Excellent resiliency is exhibited by polyester, wool and nylon fibers. Flax, rayon and cotton, on

the other hand, have a low resiliency.

9. Luster

Luster is amount of light reflected from the surface of the fiber

Fine fibers provide a greater number of reflecting surfaces. Hence they have good

luster

Fibers with a uniform diameter have a good luster.

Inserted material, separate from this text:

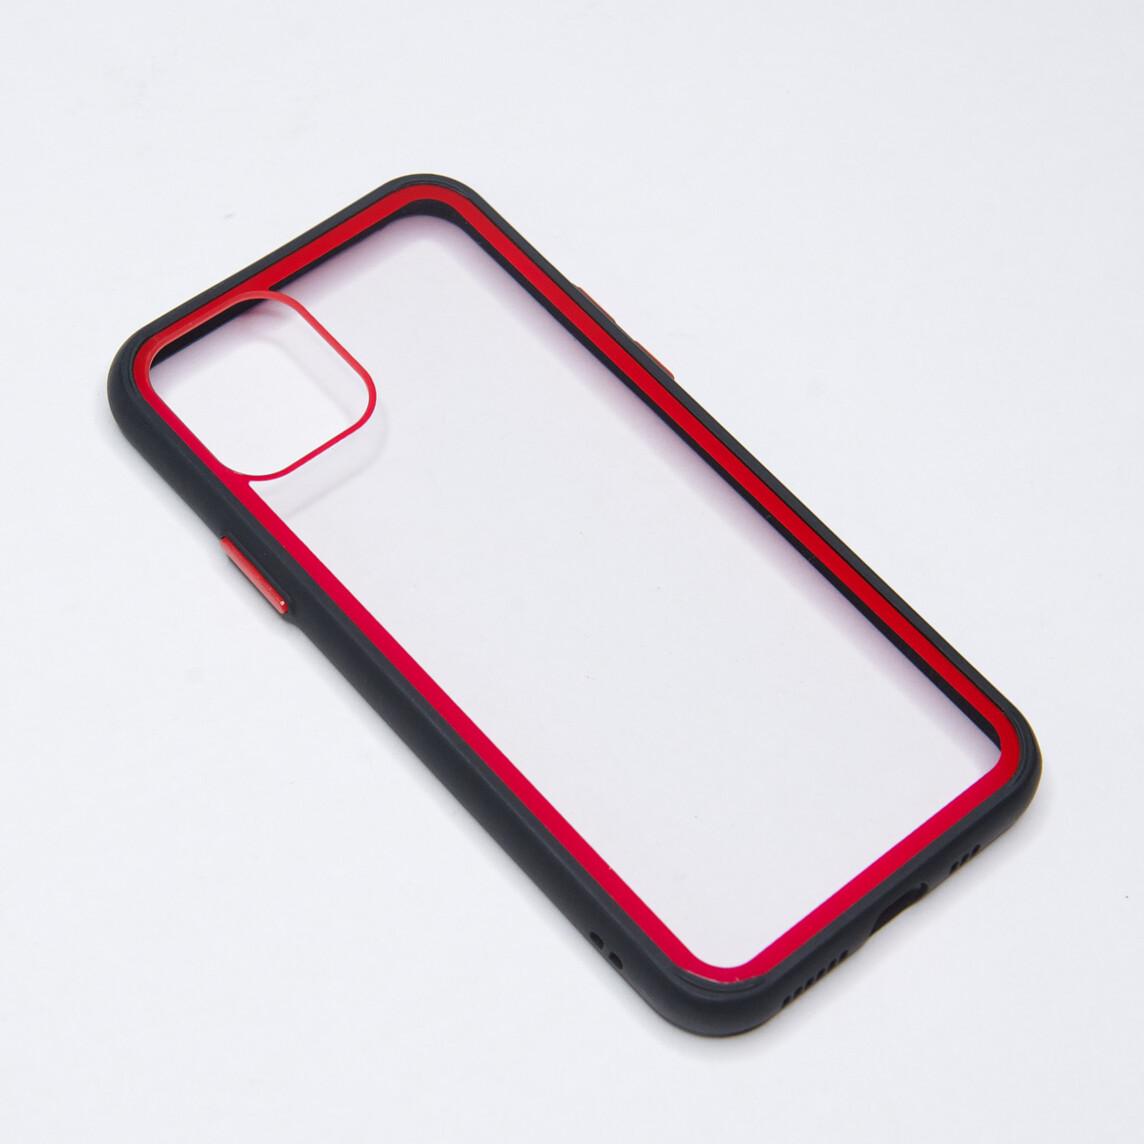 Estuche EL REY Marco De Color Negro Y Parte De Atras Transparente - Iphone 11 Pro Max

The shape of the cross section affects the degree of luster.

Yarns made from continuous filaments are more lustrous than those made from

short fibers.

Manufactured fibers can have their luster subdued by adding de-lustering agents.

10. Flexibility

Fibers should be flexible or pliable in order to be made into yarns and thereafter into fabrics

that permit freedom of movement. Certain end uses require greater flexibility, e.g.,

automobile seat belts.

11. Uniformity

Uniformity of fibers towards its length, ensure production of even yarns which can then

form fabrics of uniform appearance and consistent performance.

12. Specific Gravity

Specific gravity means the density of the fiber related to water density. In here the

water density is considered as 1 (Which is actually 1000 kg / m3). So if a actual density of a

fiber is 1300 kg / m3 , it’s specific gravity is 1.3.

By looking at the specific gravity figures, we can easily distinguish whether the

fiber floats or sinks in water.

13. Softening & Melting Points

The temperature when a certain polymer starts to soft is called as the softening point

while the temperature that a polymer starts to melt is called as the melting point.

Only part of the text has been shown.